Бездеятельность для деятельного балагура-оптимиста Копеляна была большим прегрешением. Сам он буквально не ведал передышек, получив вожделенную возможность работать, стремился реализовать себя везде – и на сцене, и в кино. И не забыть при том многочисленных друзей, с которыми он всегда бывал рад пообщаться.

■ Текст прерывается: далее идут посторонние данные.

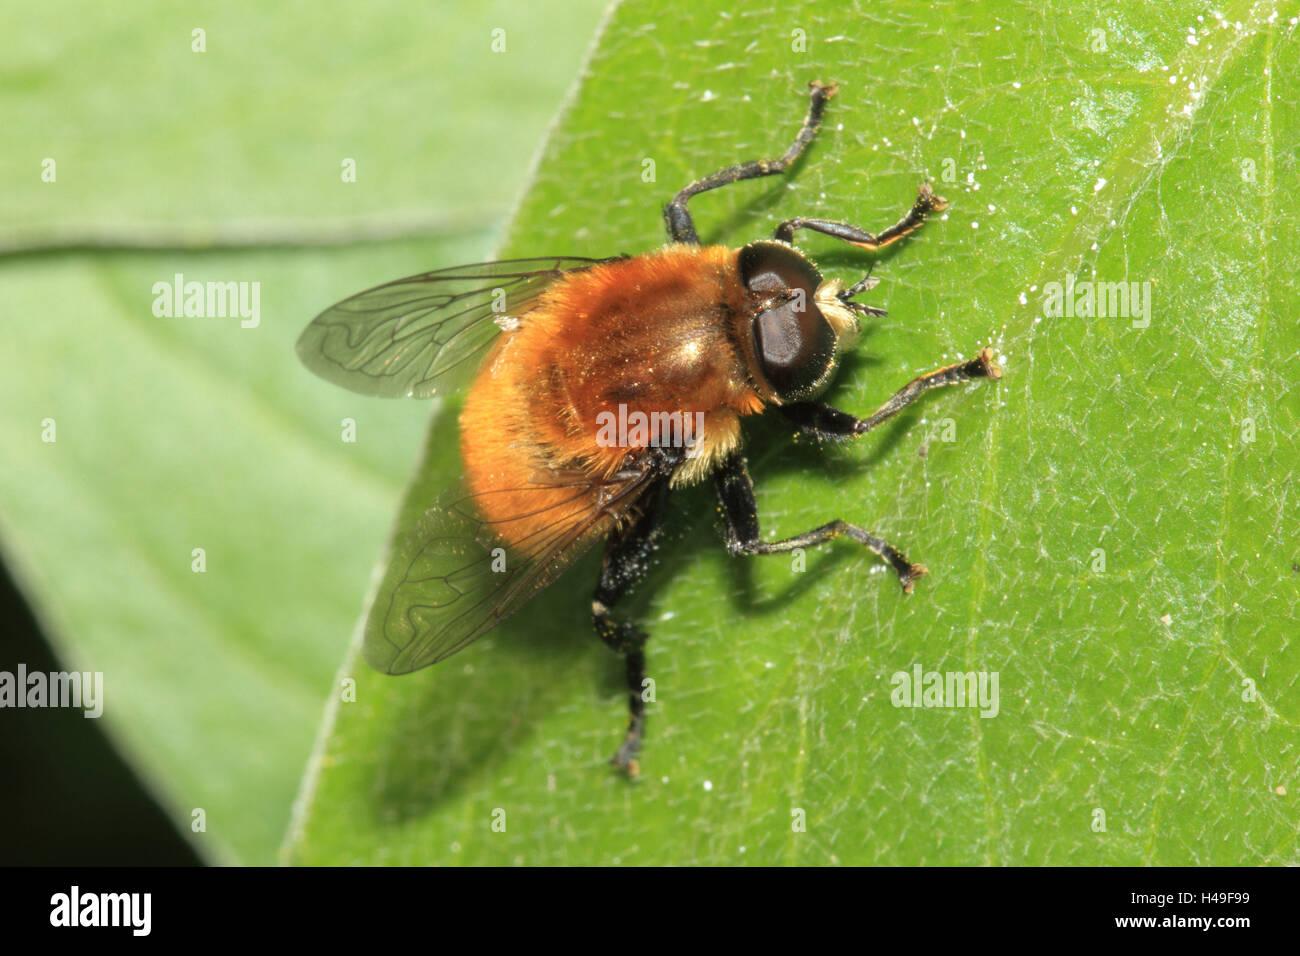 Yellow-hairy Hummelschwebfliege, leaves, medium close-up, landscape format, animal, wild animal, Hummelschwebfliege, - Stock Image
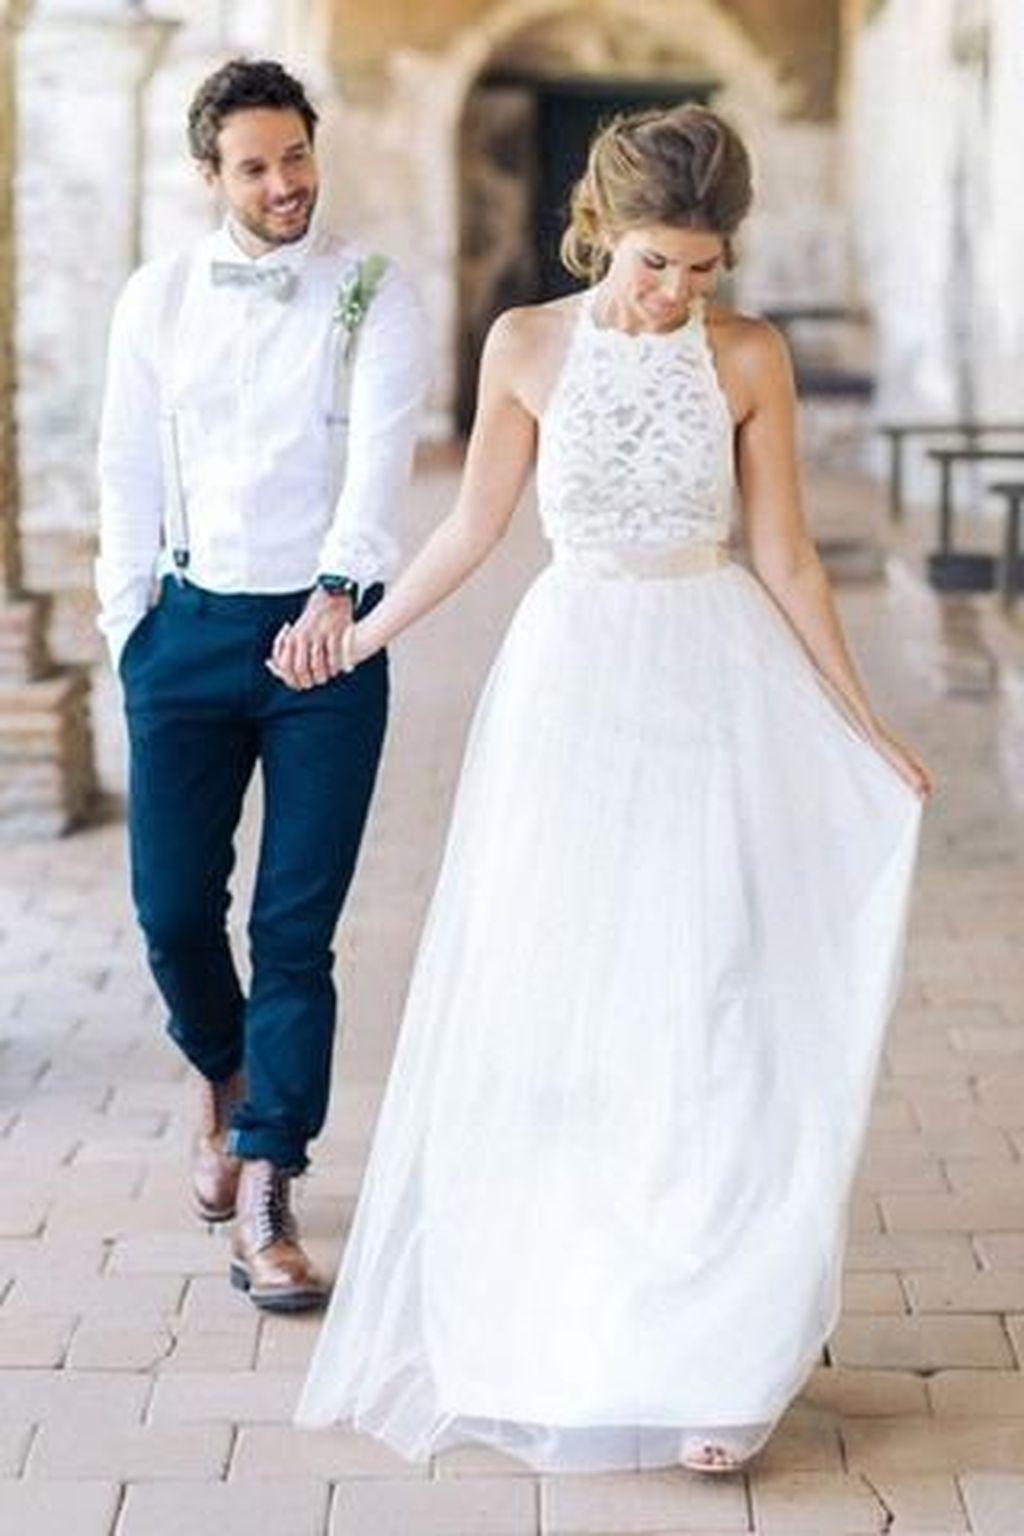 Best Princess Wedding Dress Ideas For Beach Theme 23 In 2018

«У Копеляна было потрясающее чувство юмора, – вспоминала Людмила Макарова. – Хотя вид у него был довольно грозный. И некоторые наши ребята, особенно молодые или новички, кто плохо его знал, немного даже побаивались его. А он был замечательным, справедливым, добрым, очень смешливым человеком. Как мы жили? В жизни всякое ведь бывает. И поругаемся. И выпьет, бывало. Очень любил играть в карты. Друзей приводил домой, был очень открытым. У нас не было богатства, хотя в последнее время Фима довольно много снимался в кино. Была машина. И дача, купленная напополам с моей мамой. Когда люди приходили, у нас всегда была хотя бы квашеная капуста. И водочка. Он так мне и говорил: “Значит, так. Сегодня мы будем играть [в карты]. Купи поллитровочку. И капустку поставь. Больше нам ничего не надо”. В преферанс он играл замечательно! С юмором. Я сидела в другой комнате и просто наслаждалась…»
– Ефим Захарович, а вы могли бы быть голубым? – спросили как-то Копеляна.
– Я для этого слишком смешлив, – ответил актер.
Примеры этой смешливости в БДТ составляют коллекцию анекдотов. Например, в спектакле «Генрих IV» – два укрытых плащами трупа – персонажи только что пали под ударами мечей – содрогались от хохота. Смешливыми покойниками были Копелян и Стржельчик. Можно представить себе негодование Товстоногова после такой «хохмы» в шекспировской трагедии.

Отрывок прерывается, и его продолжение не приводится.